Friday, August 9, 2013

Dining Al Fresco: Kebab Night

If it's summer and the weather is nice on Sunday, then we're grilling. I feel guilty if we don't take advantage of rain-free Sundays to grill.
Last Sunday was a grilling Sunday. Beef, chicken-mushroom sausage, tomatoes, mushrooms, corn, and zucchini.
The beef was marinated and skewered. The tomatoes were skewered. The mushrooms were halved/quartered (depending on size) and skewered. Corn was soaked in water then grilled. The zucchini did not get skewered because there was way too much of it. We would have had 14-15 skewers of it! We used our grill basket for the 3 zucchini. The chicken-mushroom sausage (from Market District) wasn't skewered, either.
Simple but delicious. Enjoyed out on the deck. Washed down with a tasty shiraz.
The beef was grilled just right. Still a little pink for flavor but not too pink. SP bought a small roast because Market District had BOGO on small roasts, just under 2 lbs each, so he froze one and cubed the other for kebabs. We used my go-to marinade for kebabs. It's from one of my mom's cookbooks but when I copied the recipe many, many years ago, I didn't make a note of the cookbook.

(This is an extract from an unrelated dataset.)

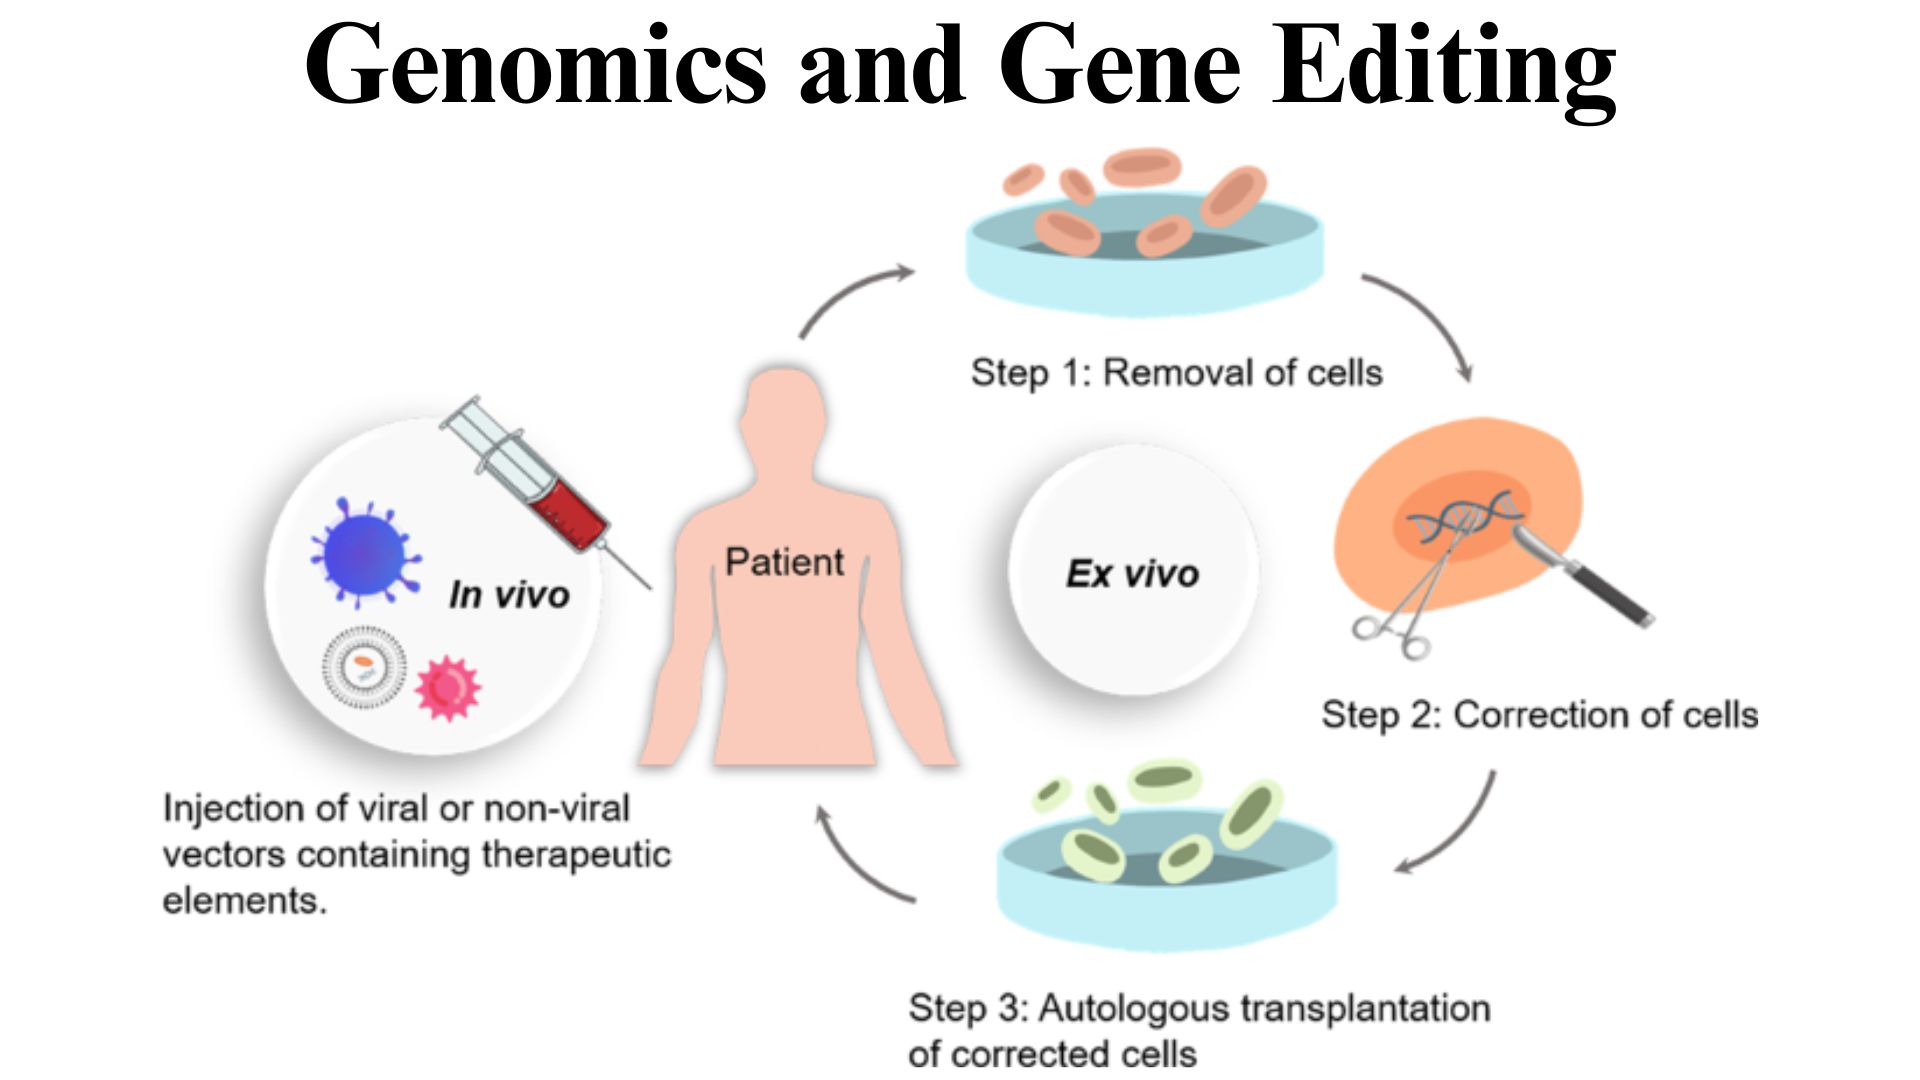 Genomics and Gene Editing
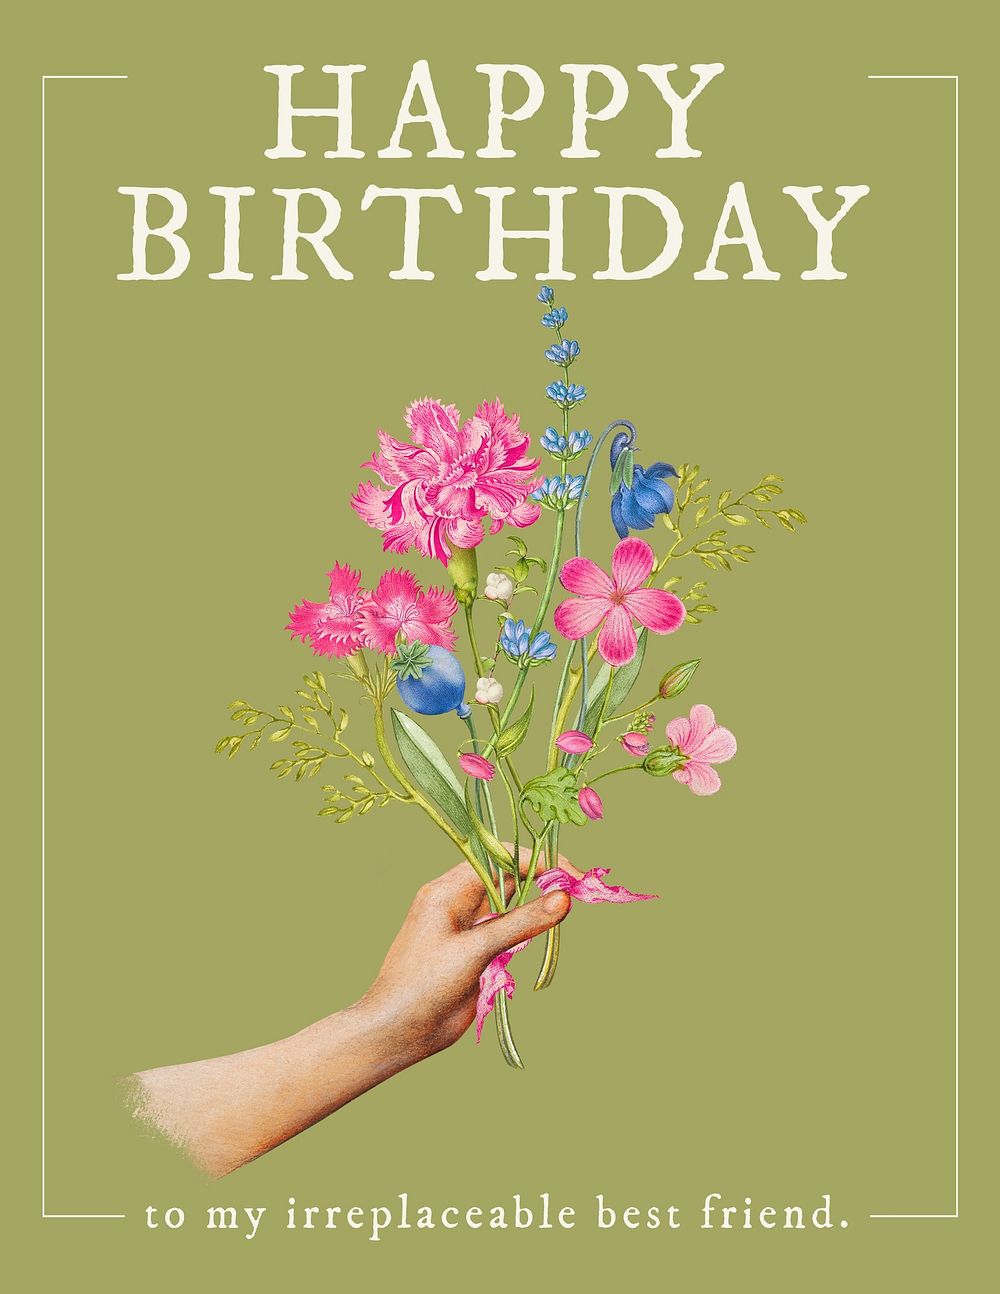 Happy birthday poster template | Free Photo - rawpixel

I just copied the ingredients and for instructions wrote 'mix ingredients, marinate meat.' 

Shish-Kebab Marinade:

1 medium onion, minced
1 clove garlic, minced
1 tbsp olive oil
1 tbsp vinegar (apple cider or white)
1 tbsp lemon juice
1/8 tsp pepper
½ tsp salt
1 tsp oregano

Combine well. Pour over meat. Marinate.

We use this marinade for beef, chicken, pork, and sometimes shrimp. Usually we marinate the food for at least 4 hours. We always omit the garlic and often omit the onion. We also use dried oregano - especially since our fresh oregano seems to have died in the last torrential downpour.